Экран погас. Я остался один с грудой мусора на полу и тихой яростью, кипящей в груди. Они не просто хотели, чтобы мы убивали друг друга. Они хотели, чтобы мы это делали с удовольствием. Чтобы мы ненавидели друг друга еще до того, как обменяемся первым взглядом.
Я подошел к месту, где была дверь. Нащупал пальцами почти невидимую линию стыка. Уперся плечом в холодную, гладкую поверхность. Напряг все мускулы. Металл слегка подался, издав тихий, недовольный гудящий звук. Бесполезно. Я отступил, переводя дух. Сила здесь была бесполезна. Это была не та игра. Повернувшись к стене, за которой, как я знал, сидел он, я сказал четко и ясно, вкладывая в каждое слово всю свою ненависть.
– Я не буду танцевать под твою дудку, палач. Я сломаю тебя. Слышишь? Я сломаю тебя самого.
В ответ тишина стала еще глубже, еще напряженнее. Но я почувствовал его улыбку. Он ждал именно этого.
Глава 6 Кассиан
Тишина в операционном зале «Олимпа» была иной, чем в моих личных покоях.
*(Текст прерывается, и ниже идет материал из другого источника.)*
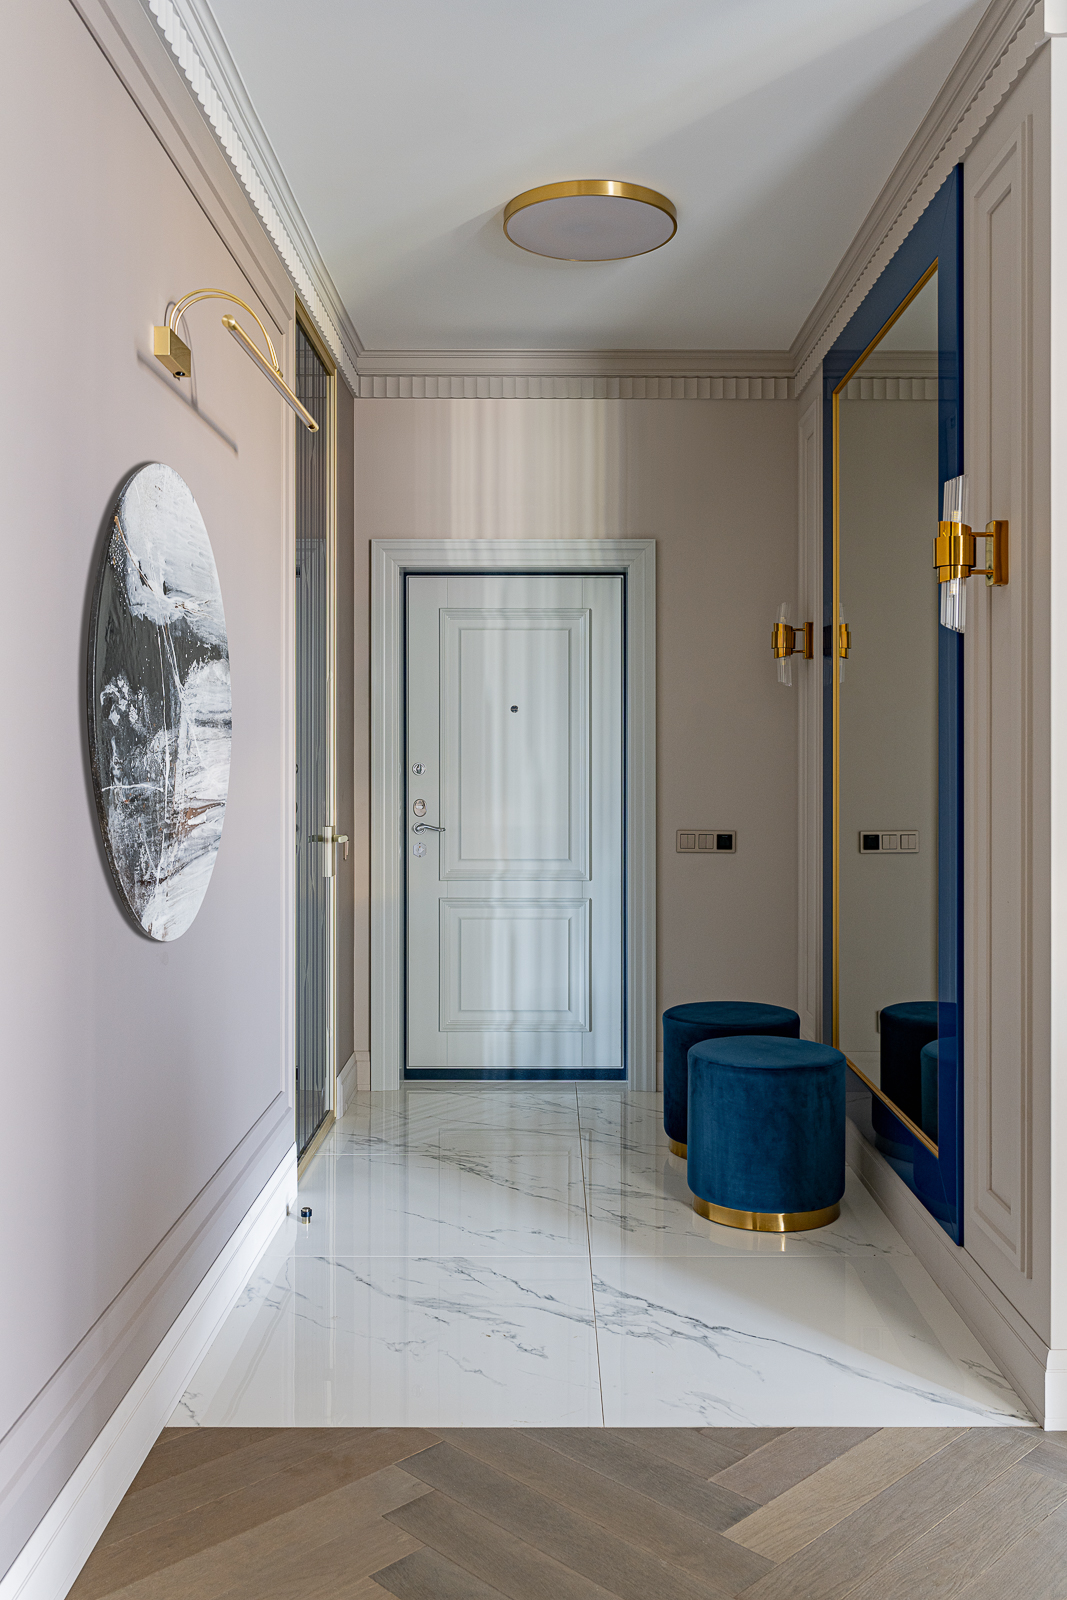 Lối vào căn hộ lát đá cẩm thạch cùng chiếc ghế đôn và tấm gương cỡ lớn viền khung màu xanh lam đậm, kết hợp các chi tiết mạ vàng đồng sang chảnh.

Она была насыщена тихим гулом серверов, мерцанием сотен голографических экранов и почти осязаемым напряжением двух десятков техников, боящихся пропустить малейшую мою команду. Воздух пах озоном и страхом. Мой любимый аромат. Я откинулся в кресле, позволяя пальцам скользить по сенсорным панелям подлокотников. На центральном экране, увеличенном до максимума, была она. Клара. Моя новая любимая игрушка.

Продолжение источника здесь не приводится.